I was diagnosed on June 18, '08 with Stage 4 colon cancer with mets to the liver and lymph.  Since then, I've had 7 surgeries, 10 bouts of radiation and more than 125 rounds of chemo.  It's been quite a ride and we are still going!

We have been amazed by the love and support from our friends and family. We could not do this without you!

I hope to use my experiences to help others going through similar challenges. Please let me know how I can help.  Call or write anytime

(214) 793-0519 Cell
keith@friendfamily.net

Click 'Read Story' below for more.

I have been asked many times how all this started. I thought I would include as much as I can for those interested. I've joked before that this isn't the "Fun" type of cancer to talk about because you have to use words like Colon/>/>, Rectum, and Bowel Movement etc.
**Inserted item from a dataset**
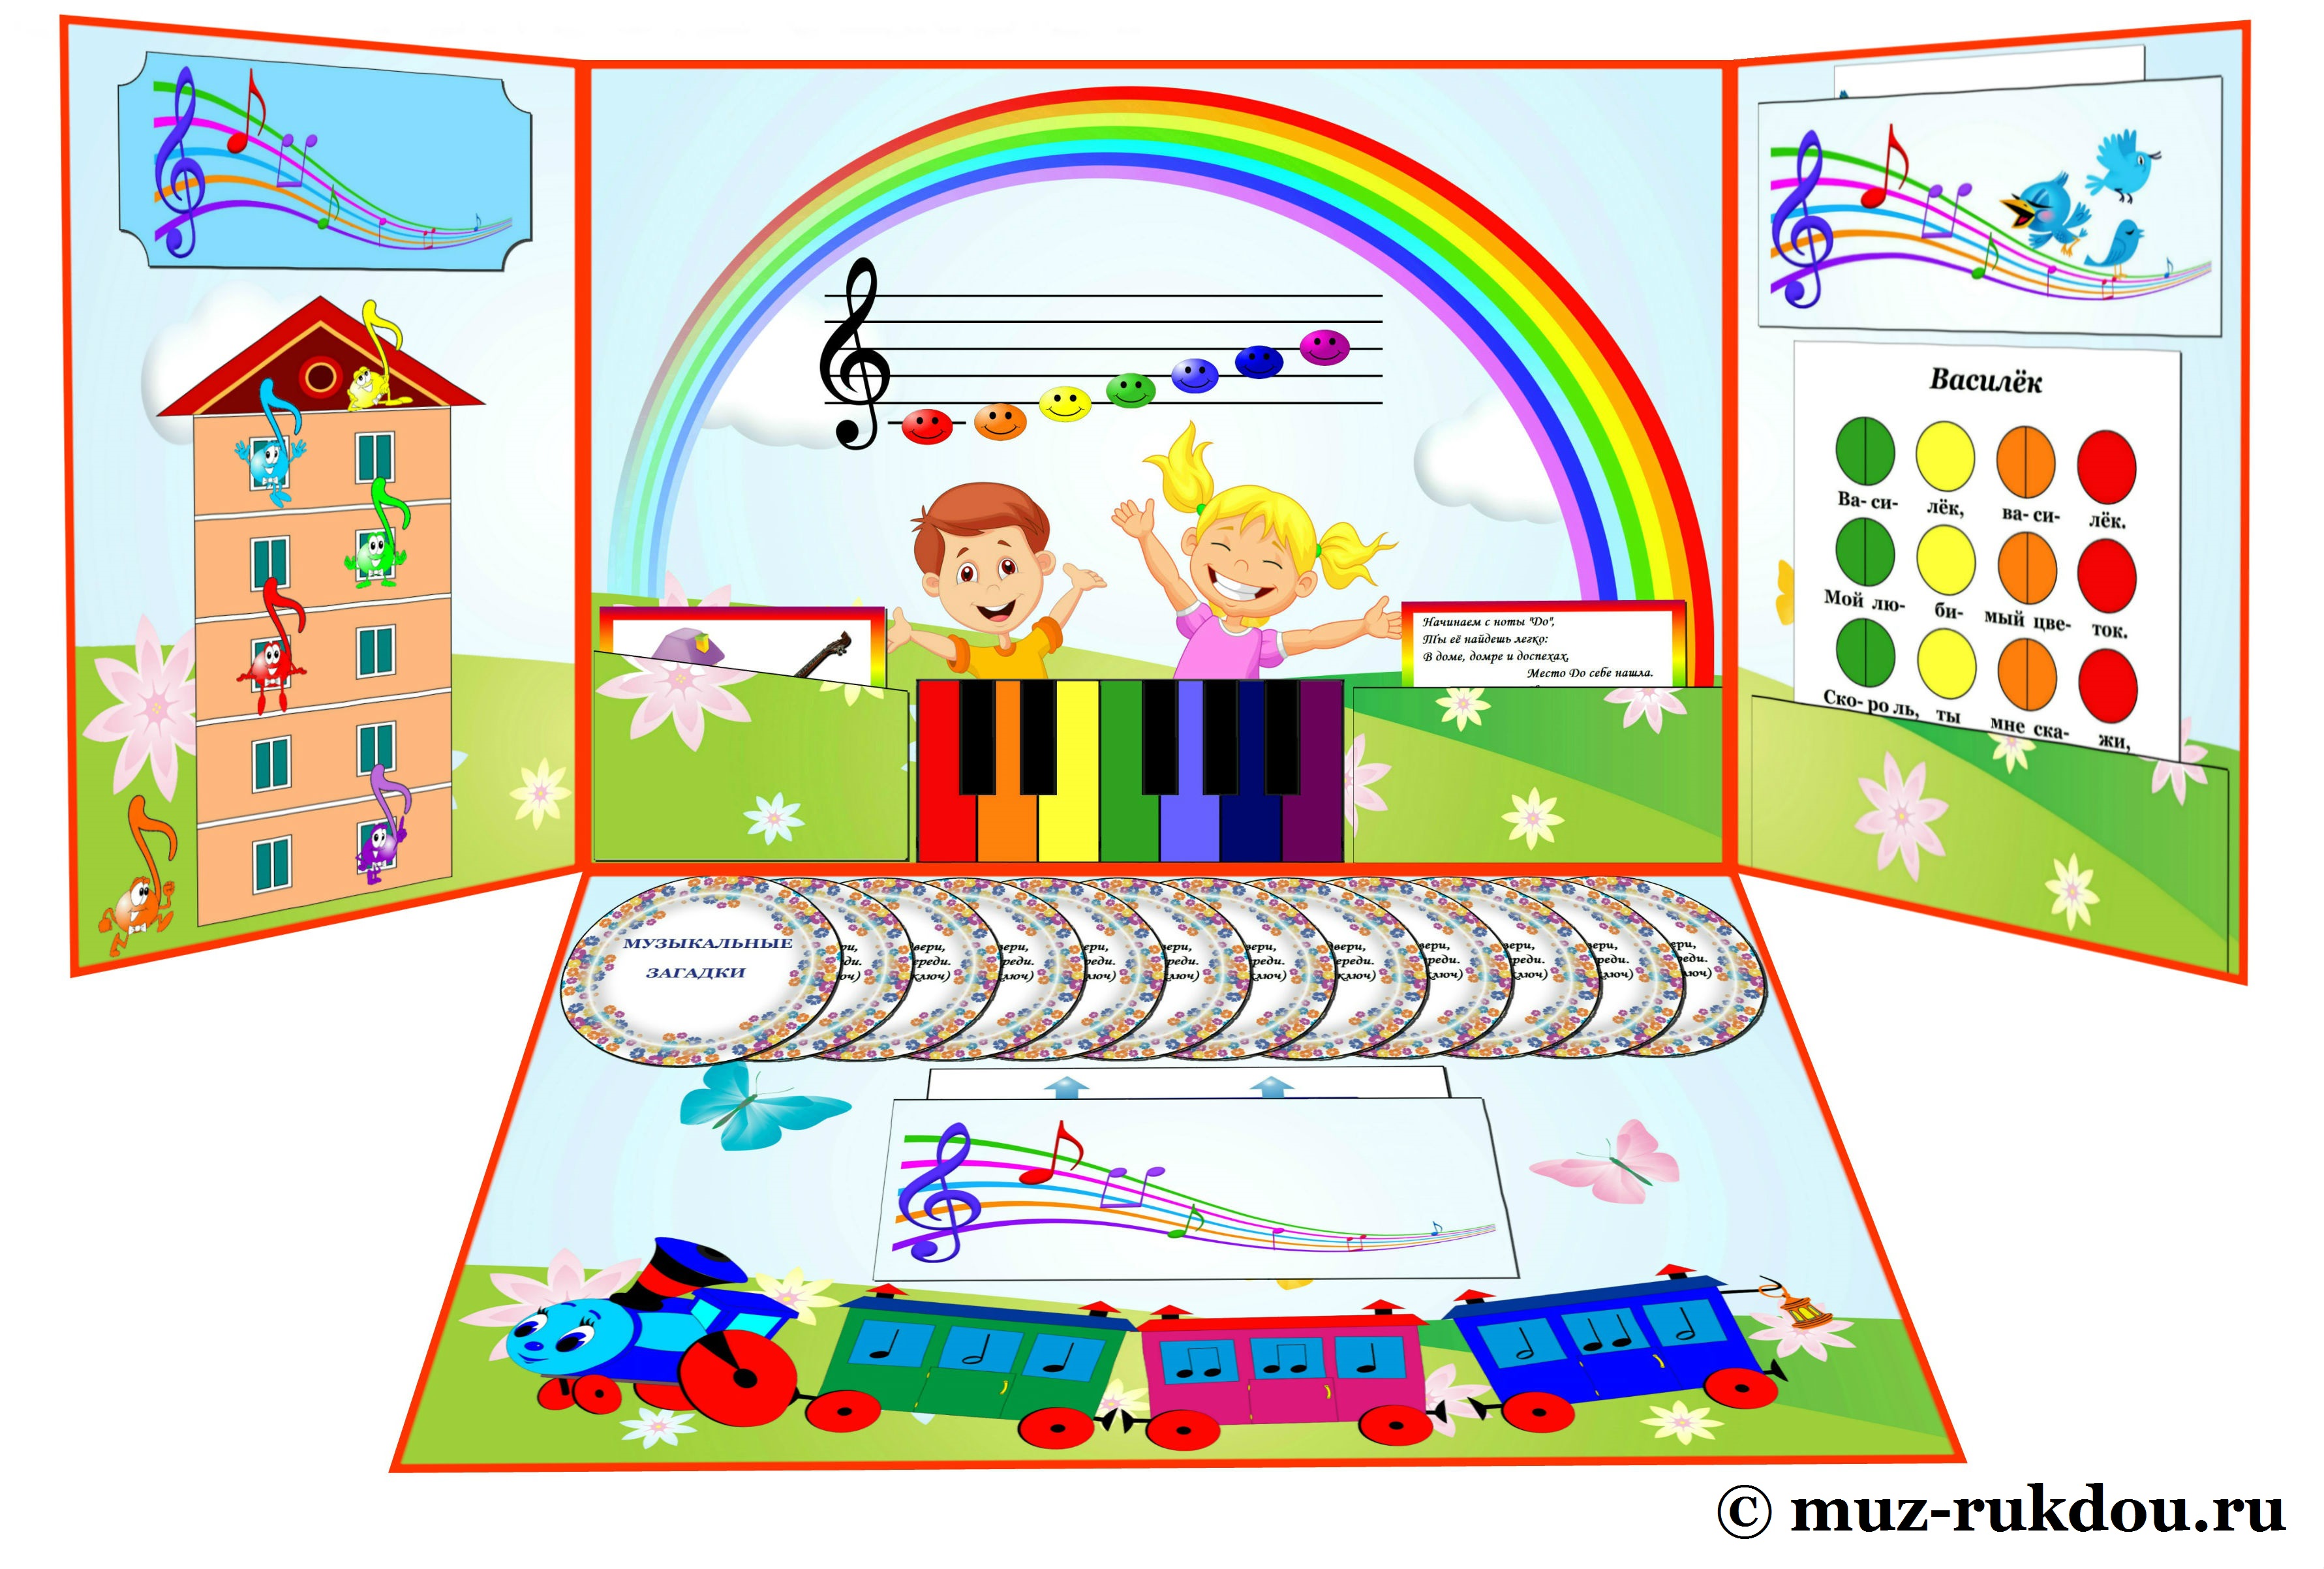 Музыкальная игра домик. Пособия для дошкольников. Музыкальные пособия для детского сада. Развивающие пособия для детского сада. Обучающие пособия для дошкольников.

Therefore, I apologize in advance for the bio references below.

Around September-October 2007, I had noticed a little bit of, what looked to me to be, blood when having a bowel movement. Now, I know what you’re thinking. "Why didn't you RUN to a doctor right away?" In hind-sight, you're right. However, during that time, your mind rationalizes things. "I just rubbed too hard. It's probably just a hemorrhoid" or something like that. I also have to add that this one and only symptom came and went. I might go weeks between seeing or noticing the blood. I finally went in for a physical around December and mentioned the blood. They gave me a take home test to perform and return. Of course, I lost the first test and had to get a new one. I finally turned that one it and it tested positive for blood. After another exam from my primary doctor, he suggested that I go see a GI specialist. Not being overly excited to have another doctor examining me in my least favorite place, it took me a few weeks to schedule that appointment.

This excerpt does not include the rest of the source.